Only individuals, as laid out in a bill introduced last year by NDP Leader Carole James, will be allowed to make contributions.
"Let's get big money out of politics," James told reporters in response to the Straight 's question about campaign-finance reform during a campaign stop in Vancouver on April 21. "Let's take a look at making sure that it's the people who make the decision about the government they elect."
The 2008 financial reports submitted by the NDP and the governing B.C. Liberal party in March to Elections B.C. show the extent of corporate and trade-union financing in provincial politics.
The B.C. Liberals raised a total of $7.5 million last year, of which $4.7 million came from corporations. Unincorporated business and commercial organizations accounted for an additional $484,588. The party received a paltry $3,040 from trade unions.

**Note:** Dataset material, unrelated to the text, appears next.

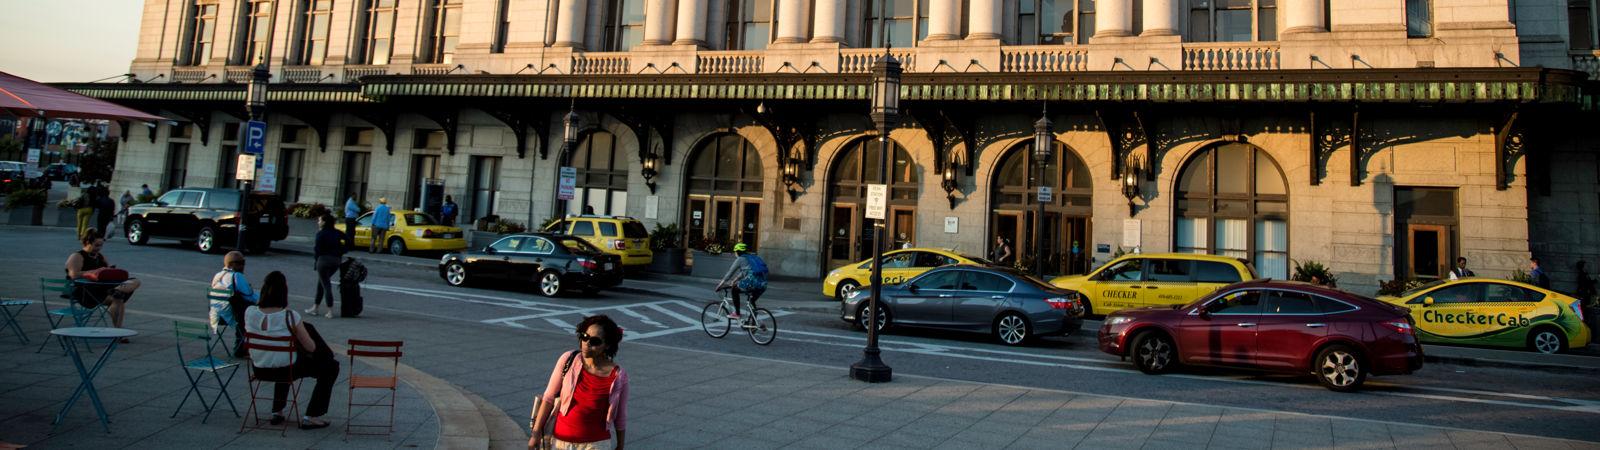 Baltimore Penn Station Front Doors

Individual donors gave the B.C. Liberals $1.9 million, almost double the $1.1 million the NDP got from individual contributors.
All in all, the NDP raised $2.9 million in contributions in 2008, and $624,045.42 was given by trade unions, which form the party's base of support. In contrast to the ruling party, the NDP got only $32,100 from corporations, and an even smaller $1,450 from unincorporated business and commercial organizations.
"I believe it's important that we bring in accountability, whether it's a lobbyist registration act, whether it's campaign-finance reform," James said.
According to James, an NDP government would include election financing in discussions about electoral reform, particularly "banning union and corporate donations and making sure the public is in charge of the electoral process again".
In May 2008, James introduced Bill M 215—the Campaign Finance Reform Act, 2008—but it wasn't passed by the legislature.
"We're going to proceed with that if we win the election," Vancouver-Kingsway NDP MLA Adrian Dix said.